Little Glider on the back Deck with me the other night. She is about 1/3 the size of a small-medium sized house cat.
27 July 2008
Garden Wildlife
Little Glider on the back Deck with me the other night. She is about 1/3 the size of a small-medium sized house cat.
22 July 2008
Let the Clean-up Begin!
Setting to work!
After a few hours of both of us working. There is still a great deal to go, but a strong start.
One of the Native Fern Trees being freed from Cape Ivy. This is a Rough Bark Fern Tree.
Apple tree (foreground), Peach Tree (Midground, dark trunk) and Fern Trees.
Below: Serious corm removal of Montbretia. This is a serious bush invader, classified as a Noxious Weed. Each plant can bear a string of corms numbering 14 or more. Each corm is capable of producing another plant. You can see, also, where not only does it literally choke out the soil, but also will infest itself under trees and rot them. The blue bucket was completely full from clearing a square meter.
Current Inhabitants of the Garden of Doom
Japanese Honeysuckle wrapping around a sapling trunk.
A Laurel on the right foreground (shiny oval leaves) and other locations, as it is a spreading plant, and even more Cape Ivy.
This is down on Terrace level 4, and some of the wonderful native ferns. There are some of the invasives here, but the goal is to stop them before they choke out the natives, as has happened on the other levels.
When Good Gardens Go Bad...
The below photos are entering the Back Garden from the steps and moving across Terrace 1, aka: Cottage Garden Terrace. These are all pre-clean-up. The plan for here is to stop the further spread downhill of the invasives by removal, replanting with non-invasive Cottage Garden plants such as roses, herbs, veggies, fruit trees and various species of Native Plants. There has been evidence of Bandicoot activity, so we are creating various habitat areas for them to arrange as they please. (Such as leaving old, hollowed stumps, or hollowing them myself to leave for shelters and such). Possums of various species also frequent here as well as gliders and quolls, as well as many bird species. In the clean-up process, natives are being left, cleared around, and habitats preserved.
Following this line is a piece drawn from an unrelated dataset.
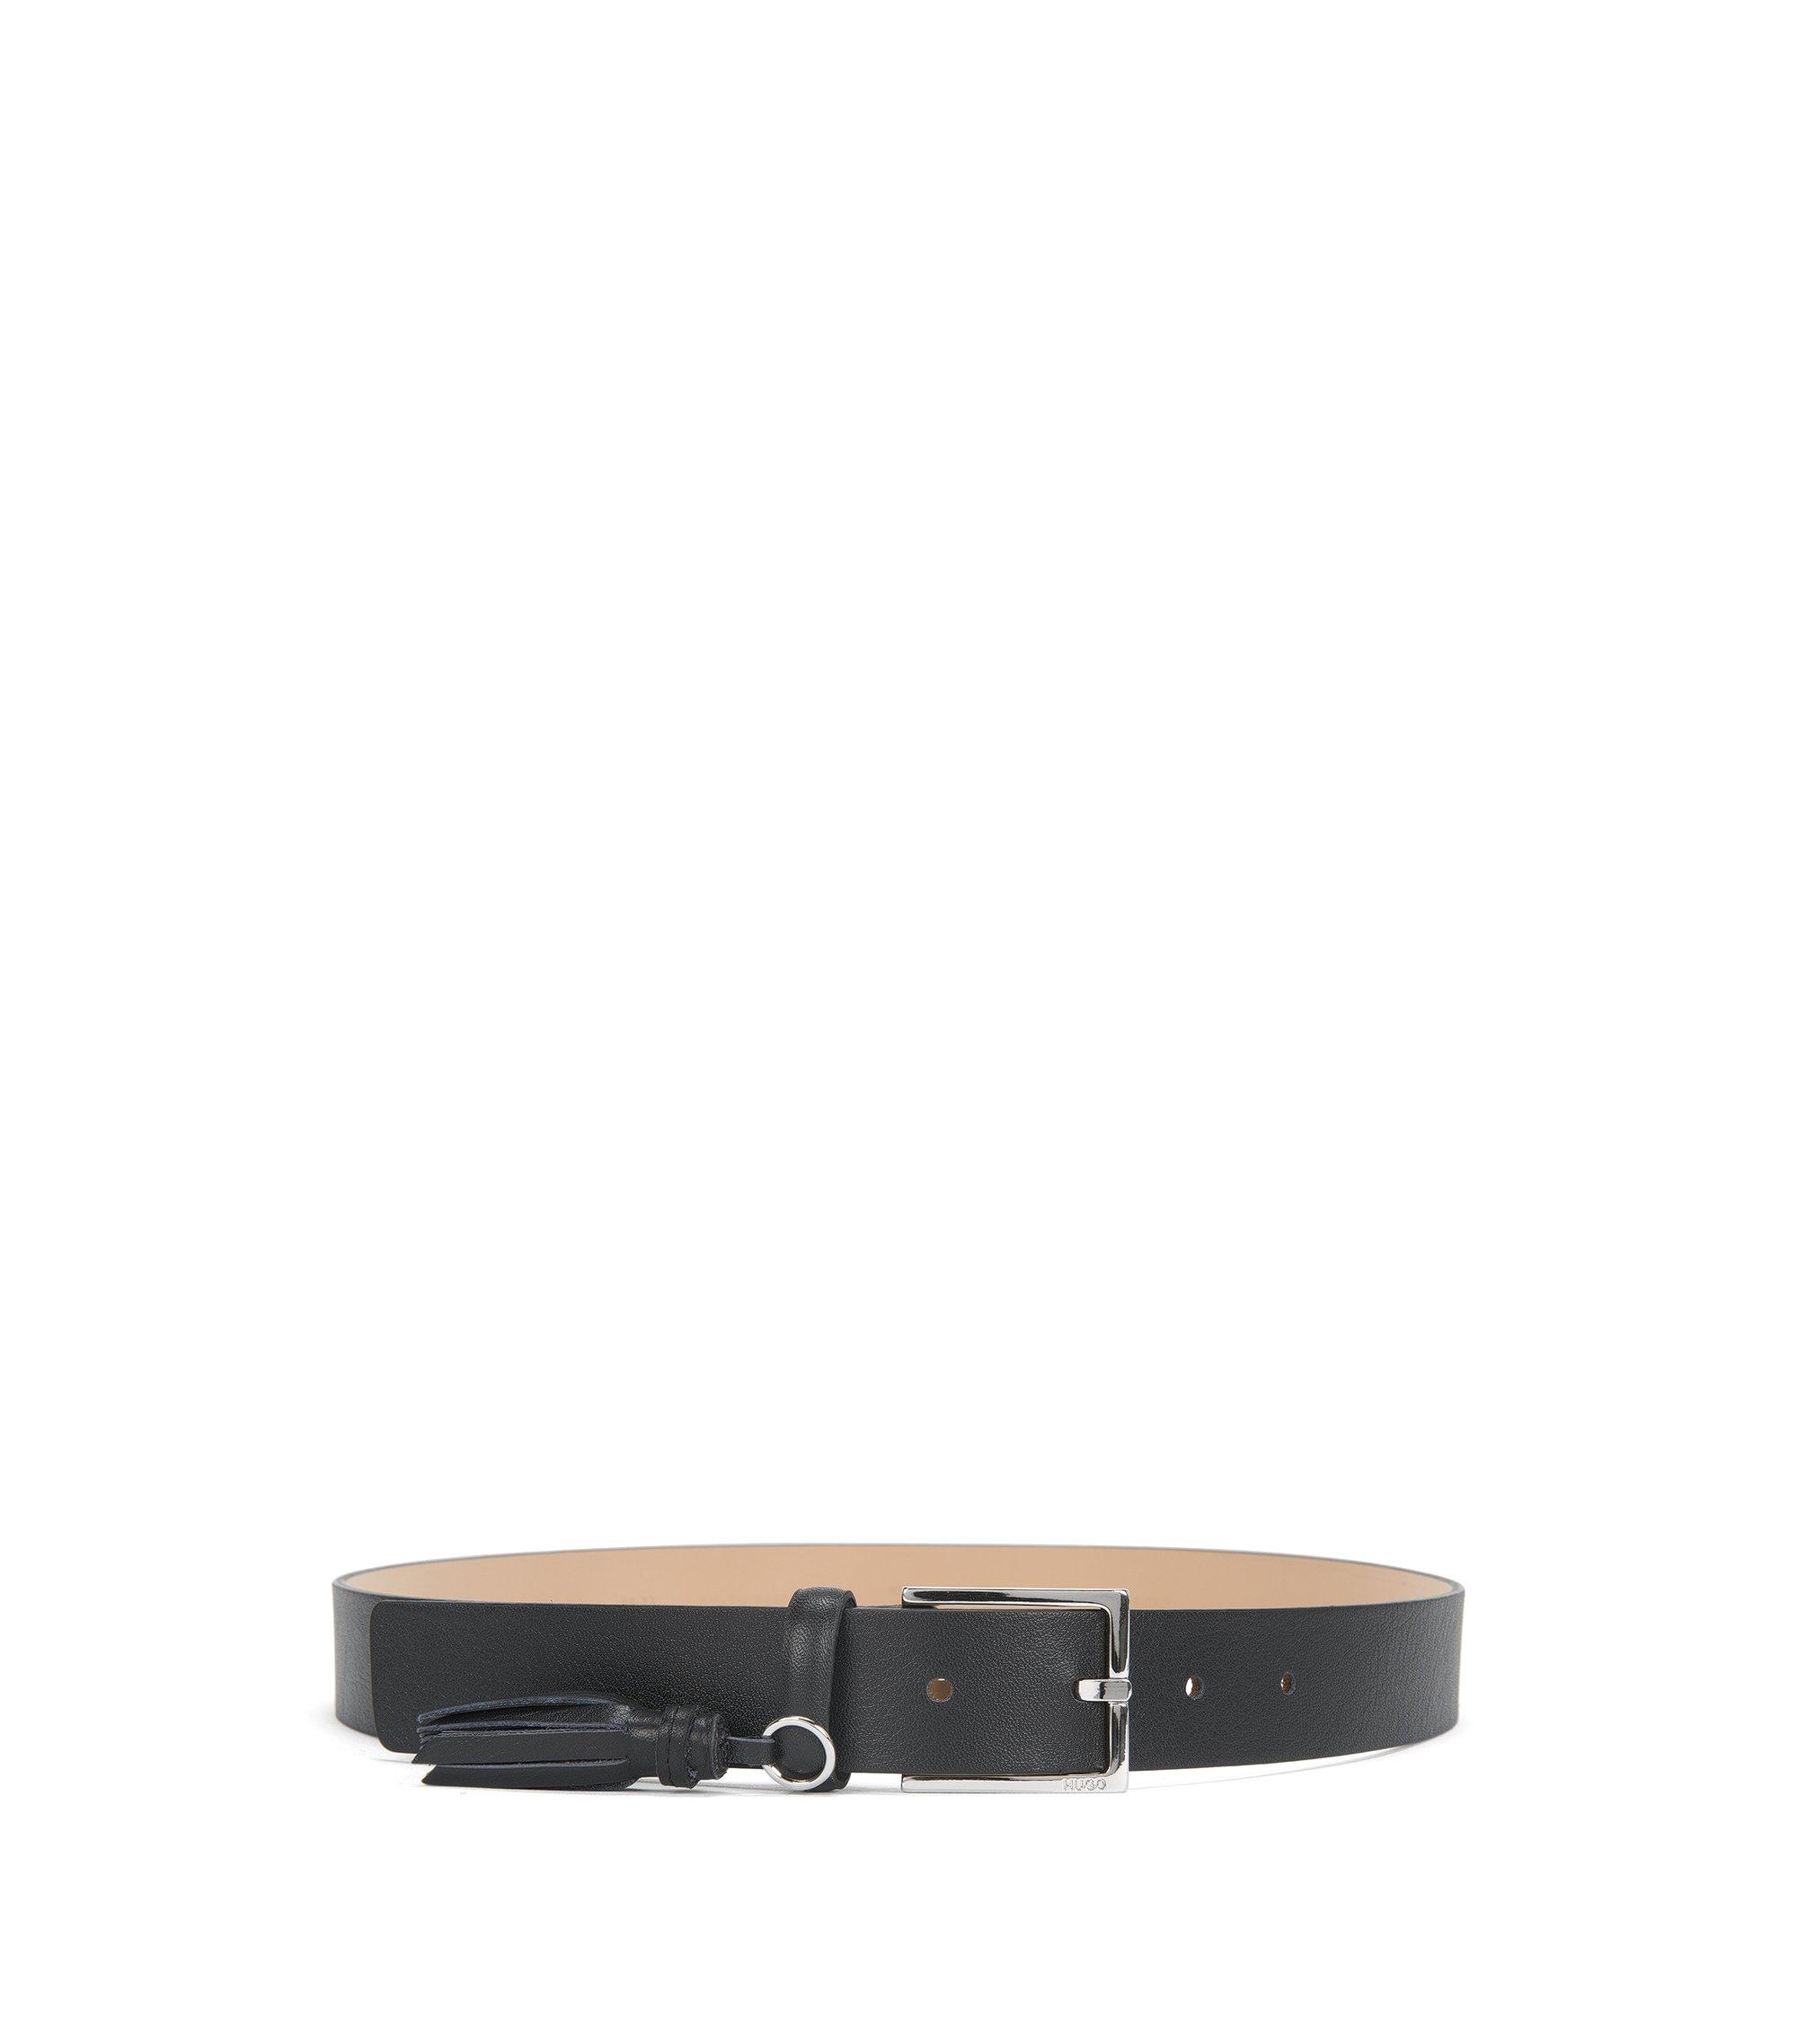 Gürtel aus italienischem Leder mit Quaste, Schwarz

And, yes, for those interested, I will be identifying plants.
The last photo is looking down the "steps" to the second Terrace.
From these photos one can see some of the dormant fruit trees, covered with Cape Ivy. Also various ferns, and the green, leathery grass clumps are called "Onion Grass", or Agapanthus. These are hellatious to remove and considered a bush invader. They have dense clumping roots, which I will show later, and those roots and it's spreading capabilities, displace all other vegitation.